In searching the radically different face of this krill, the first thing one is likely drawn to are its eyes: somewhat cute compound eyes that sit out the front of its head on stalks, essential as they are to finding food, evading predators and the social communication needed to moving as a coordinated whole with other members of its swarm, a collective unit that can be as dense as 30,000 krill per cubic metre of water. Just behind the eyes, nestled in its transparent exoskeleton, is its light organ, a part of its body that can emit a bright biolumienscent yellowy-green light. The organ has a lens that is controlled by muscles, thus allowing a krill to focus and direct the light, for reasons unknown.
An Antarctic krill's life starts with a spawning, where a mother sprays out between 6,000-10,000 eggs that are fertalized by a male as they exit her body. The eggs then spend the next ten days sink all the way to the sea floor, typically about 2-3 kilometers below the surface. There, in the utter darkness, cold and under massive water pressure, the eggs hatch into what their first laval form, with only one eye, no body segments, nor limb buds. In this form, the being their 'developmental ascent', a three week long migration back to the surface, during which time they under go two further metamorphesis, growing much needed mouth pieces so they can eat when they arrive to the surface. Antarctic krill go through no less than twelve distinct larval states, only developing gonads in their second year, and with lifespans of between 5-7 years.

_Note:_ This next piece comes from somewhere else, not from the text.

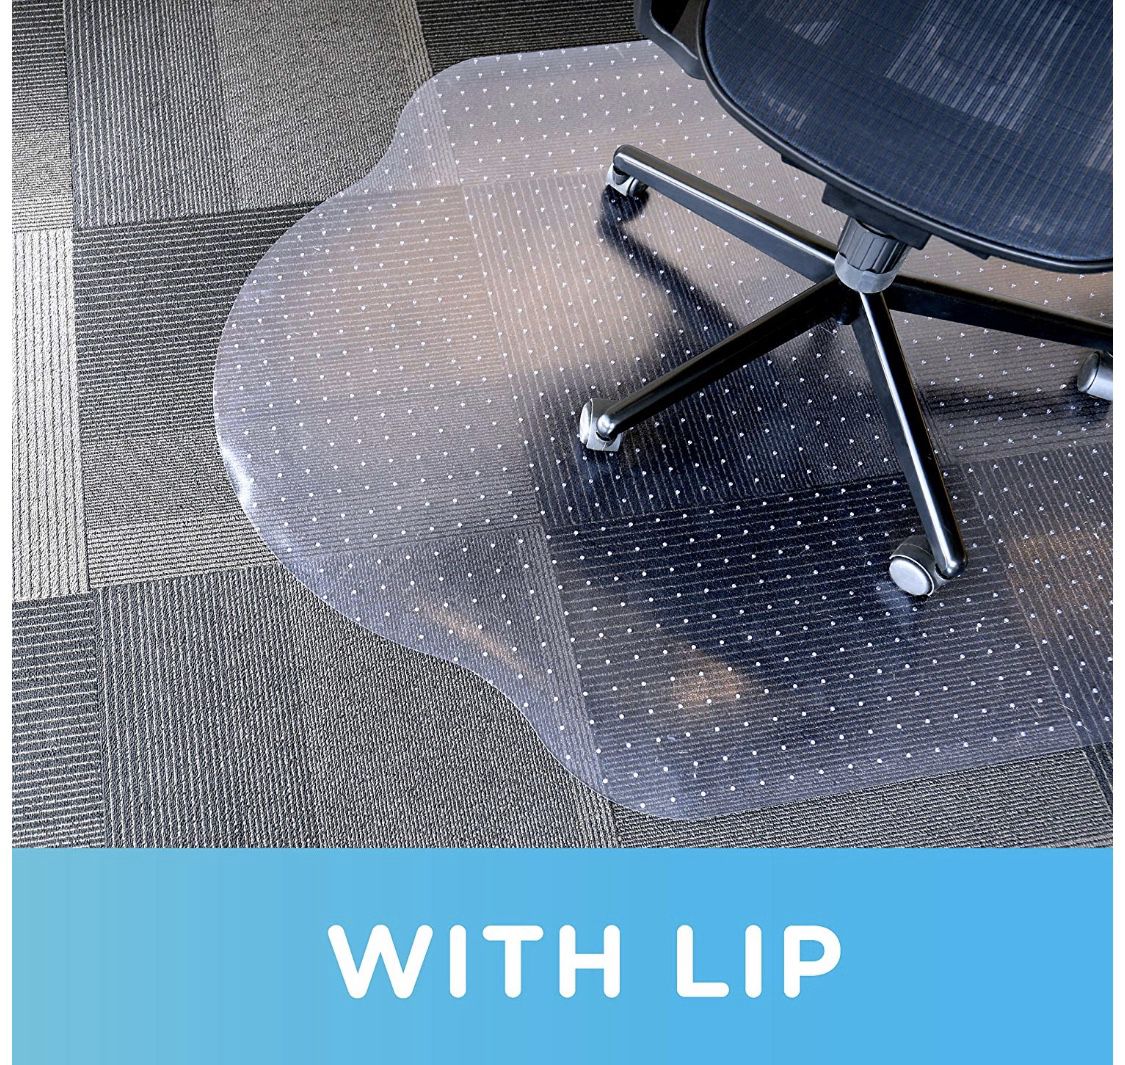 Modern Shape 33"x 44" Clear Office Chair Mat with Lip for Low Pile Carpet, Made in The USA by Dimex, Phthalate Free
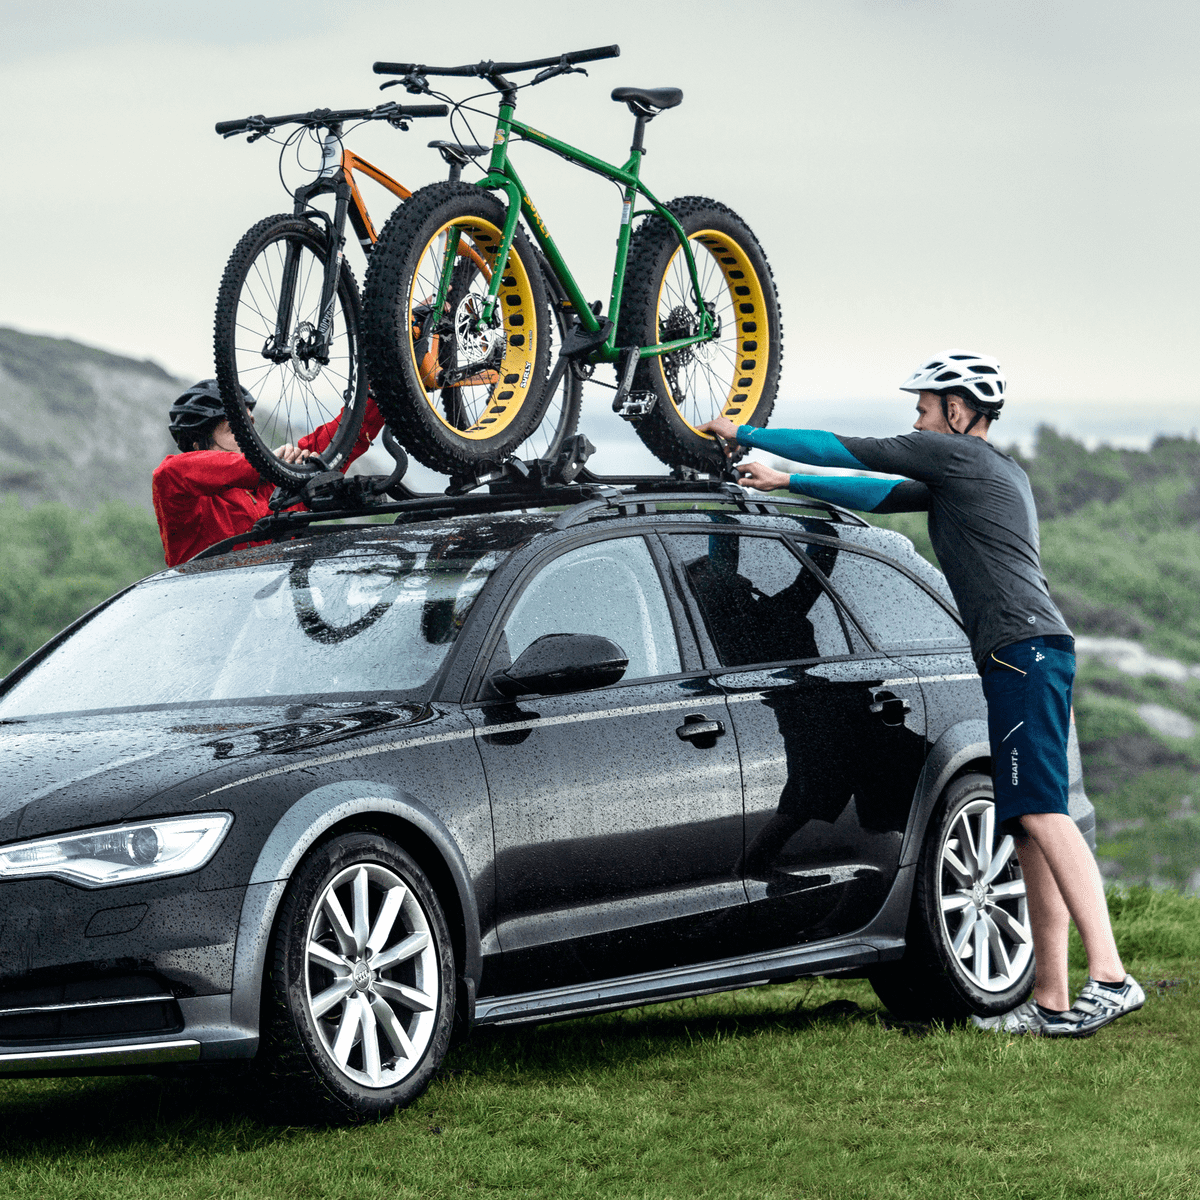 Two cyclists load their bikes onto a roof bike rack using the Thule ProRide Fatbike Adapter .

The photo shows a number of front legs held together in a feeding apparatus, a filtering system that enables them to scoop up phytoplankton, tiny algae that take their energy directly from the sun via photosynthesis, with vast assemblages of them existing in the waters around Antarctica. Importantly, Antarctic krill are very messy creatures. Not only do they shed their exoskeletons every two weeks, they are also messy eaters and rather inefficient digesters. This has the effect of transporting enormous amounts of plant and animal matter from the surface of the ocean down into the abyss, where it remains for the next thousand or so years, making krill a powerful agent of carbon sequestation, drivers of what is perhaps the largest biofeedback mechanism on the planet.
The main threat to Antarctic krill is ocean acidification, as carbon dioxide released by human activity is absorbed by the ocean water. Creatures that calficy shells from minerals in the water -- including crustaceans, shellfish, corals, starfish, urchins, fish larvae and an single-cell organisms known as foraminifera that live in chambered shells -- are vulnerable to increasing acidity, for the chemical reactions necessary to grow a shell become impossible in more acidic conditions. This combines with oceanic heating drastically reducing the pack ice under which krill feed during the Antarctic winter. If Antarctic krill cannot calsify their exoskeletons in an increasingly acidic ocean, then tremendous amounts of carbon will not be sequested, leading to a drastic acceleration of catastrophic climatic heating, as well as removing a key foundation of the web of life.